Yet, over the years, administrative Pages have never been approached as a whole.

One specific type of admin page is “Policies & Guideliness.”. As they appear in academic literature, the main findings are:

  1. Numerous and abundant rules and policies have been created that serve a wide variety of functions to maintain Wikipedia (Butler and Pike, 2008).
  2. Norms are aimed at managing content but also addressing essential challenges of online communication in cooperative work (Reagle Jr. 2010)
  3. Newcomers find it difficult to have their contributions to policies accepted with an impact on their retention (Halfaker et al. 2013).
  4. Participants (newcomers) to Wikipedia edit-a-thons experience moments of frustration when navigating a complex bureaucracy of policies and procedures (Gluza et al. 2021).
  5. Similar rule-making activity across the five communities replicates and extends prior work on English language Wikipedia alone (Hwang and Shaw, 2022).
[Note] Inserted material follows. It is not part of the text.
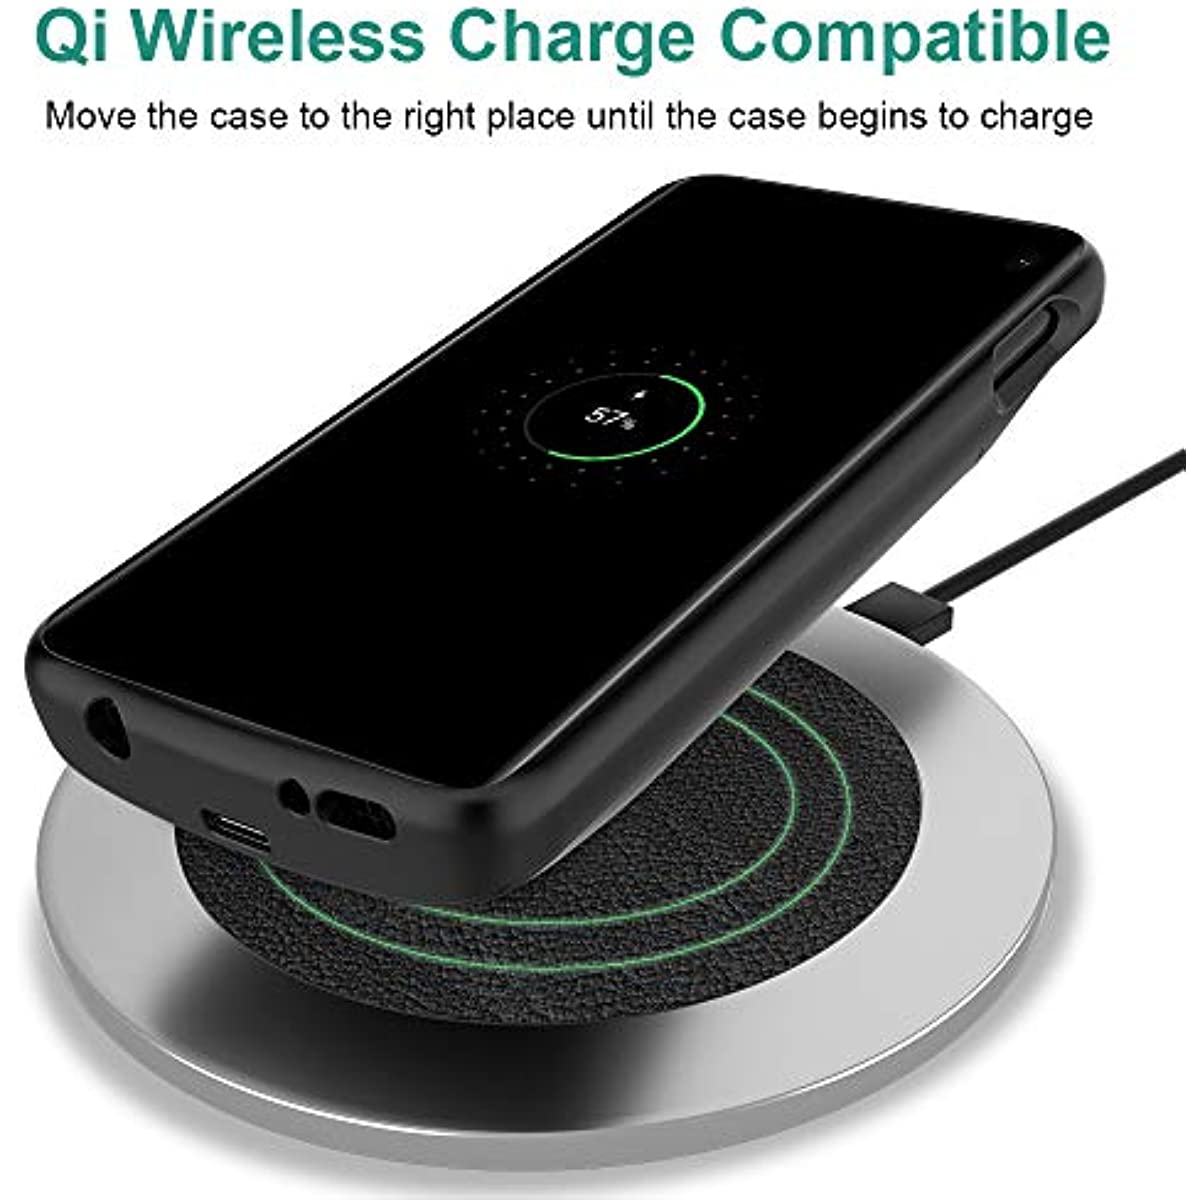 NEWDERY Upgraded Samsung Galaxy S10E Battery Case Qi Wireless Charging Compatible, 4700mAh Slim Rechargeable Portable Extended Charger Case Compatible for Samsung Galaxy S10E (5.8 Inches Black)

However, there are other types of administrative pages. Admin pages are defined as those pages that support administration and governance in order to further Wikipedia's goals. Leaving user pages and specific content discussion pages aside, all those pages dedicated to creating documentation, encouraging debate, and coordination are essential to Wikipedia administration.

Although they are key to newcomers and existing editors, Help pages are scarcely addressed as a main topic of research. Help pages do not have the prescriptive role of policies, but clarify some aspects of how to behave or use certain resources. In a similar manner, Wikipedia essays provide another layer of reflection upon different work practices that policies and help pages do not target (Morgan and Zachry, 2010).

Wikiprojects are spaces in which to coordinate in order to achieve a specific goal within Wikipedia (e.g, create articles about a topic, organize an event, etc.). The importance of Wikiprojects is key to opening unstructured spaces for editors to engage in collaborative editing (Morgan, McDonald and Zachry, 2013) and structured ones for students and self-regulated learning (Ng. E. M, 2016).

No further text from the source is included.